## WHAT NEEDS TO BE DONE:
Entries below include pictures. Output exactly the lines from the one with "Phillipe H. Mourey" down to the one with "Timbuk2 Parkside Laptop Backpack (Concrete)", both ends included, and leave the pictures out.

## INPUT FOR THIS TASK:
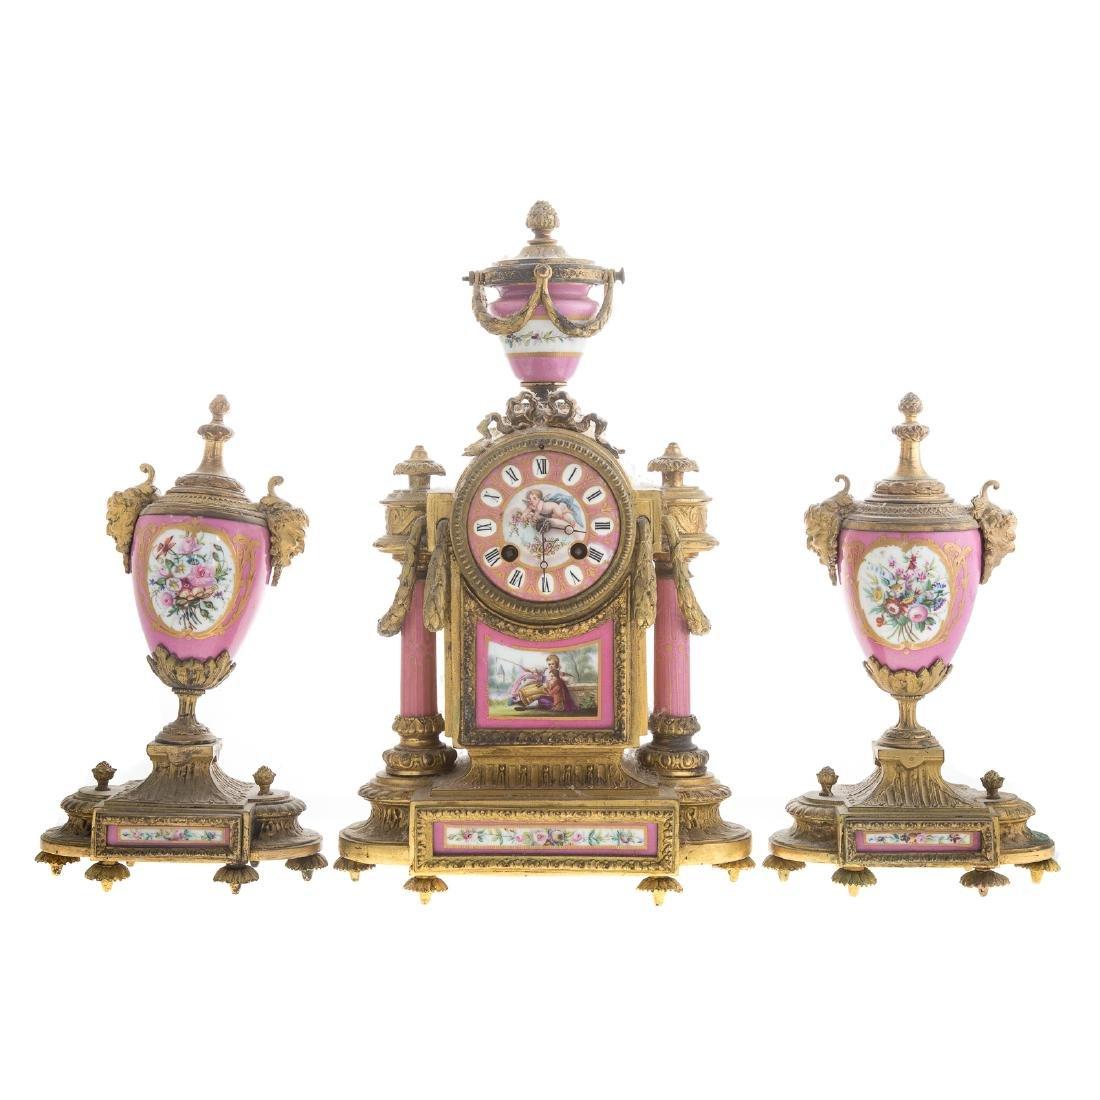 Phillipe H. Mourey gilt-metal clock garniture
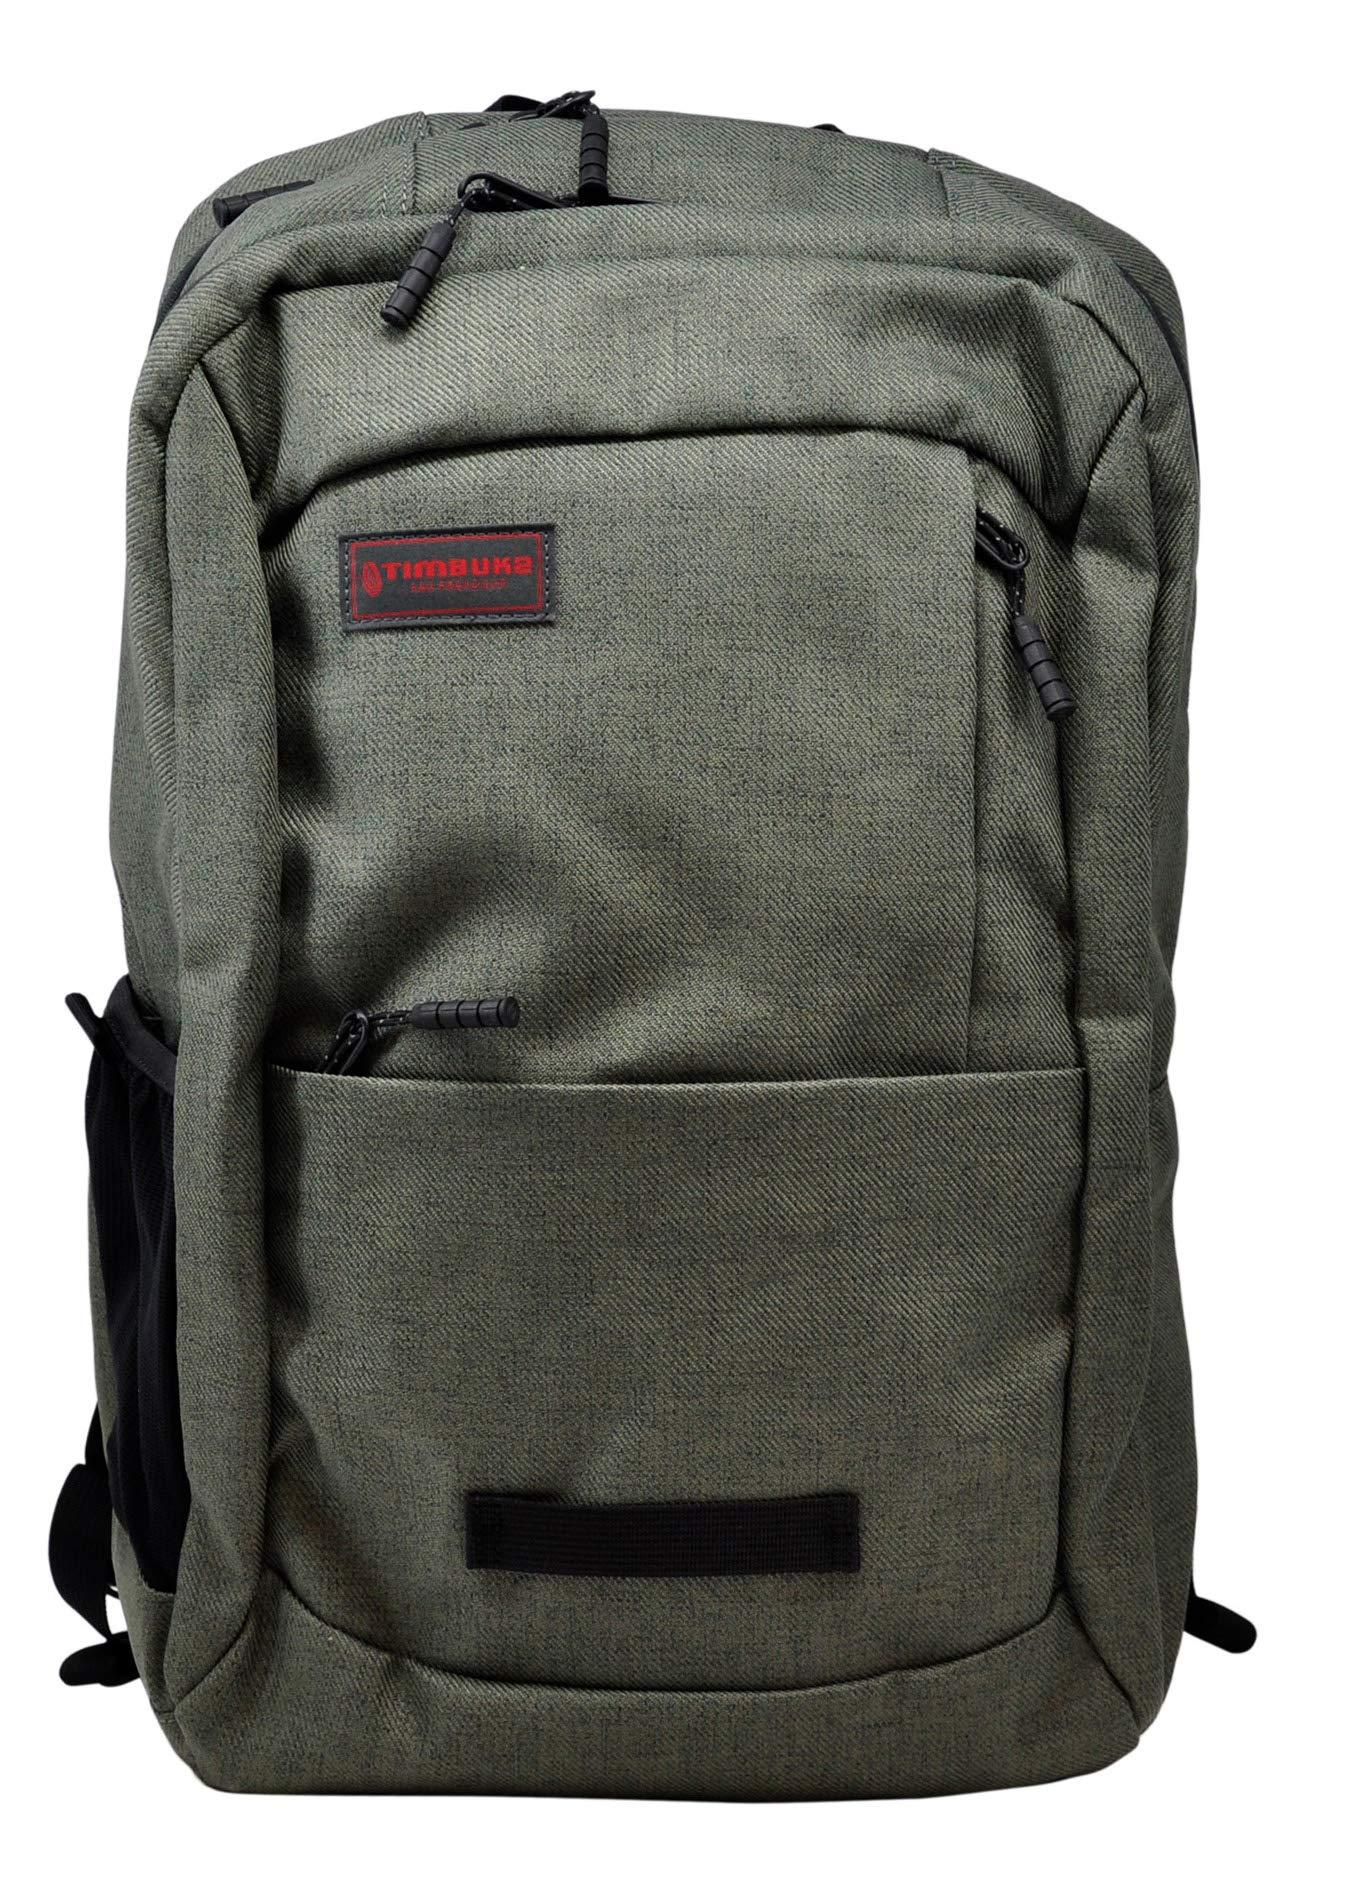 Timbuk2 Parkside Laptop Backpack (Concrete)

--

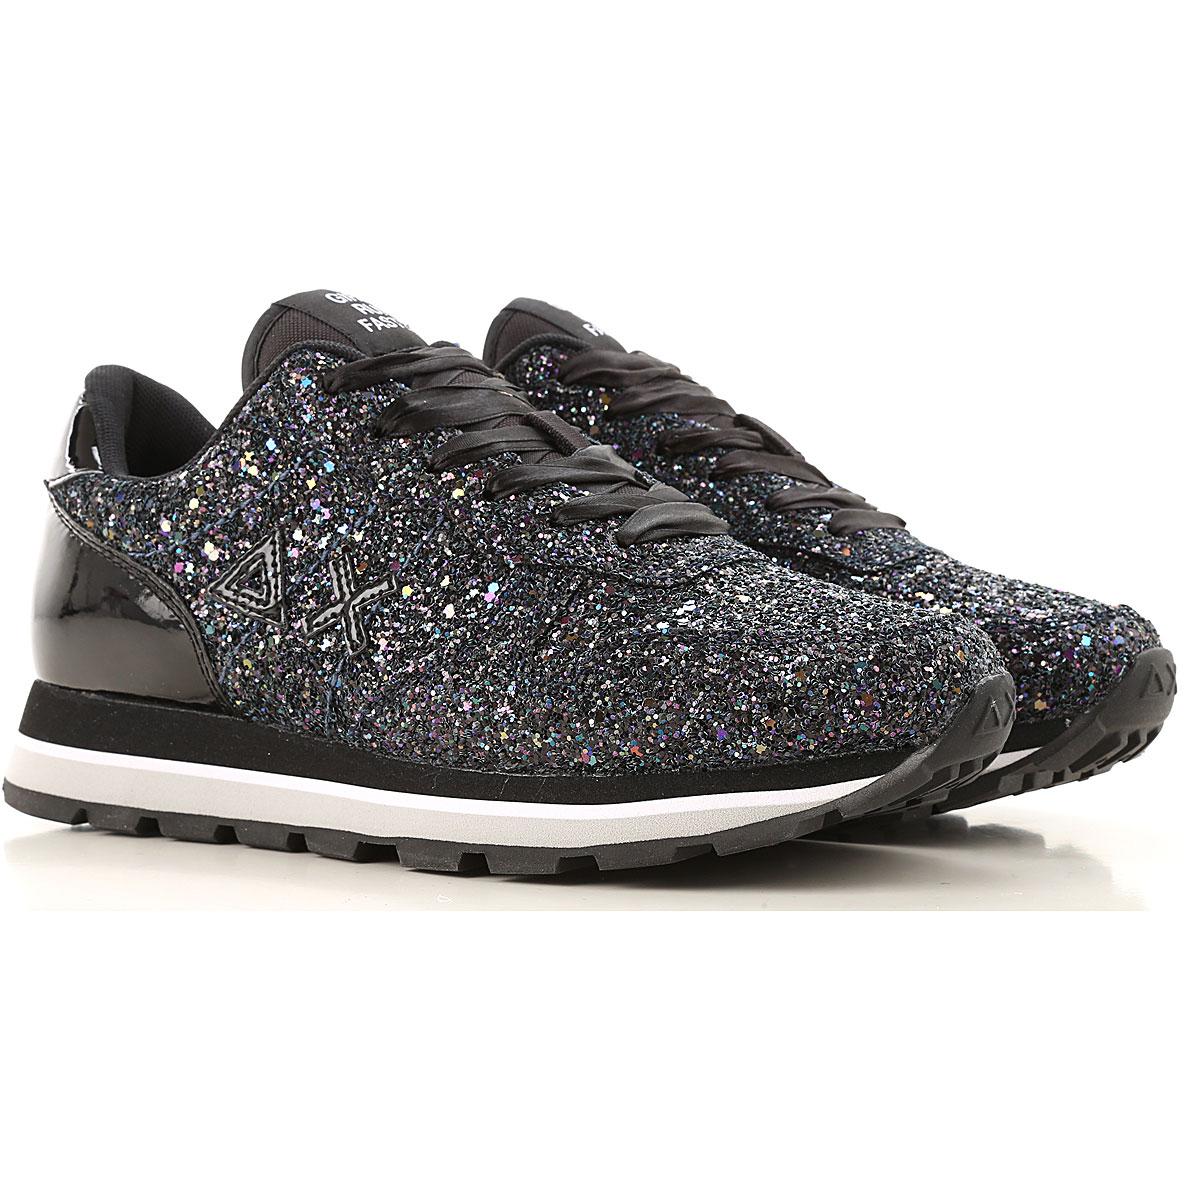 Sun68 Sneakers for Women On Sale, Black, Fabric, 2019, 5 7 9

## PROBLEM SOLUTION:
 Phillipe H. Mourey gilt-metal clock garniture
 Timbuk2 Parkside Laptop Backpack (Concrete)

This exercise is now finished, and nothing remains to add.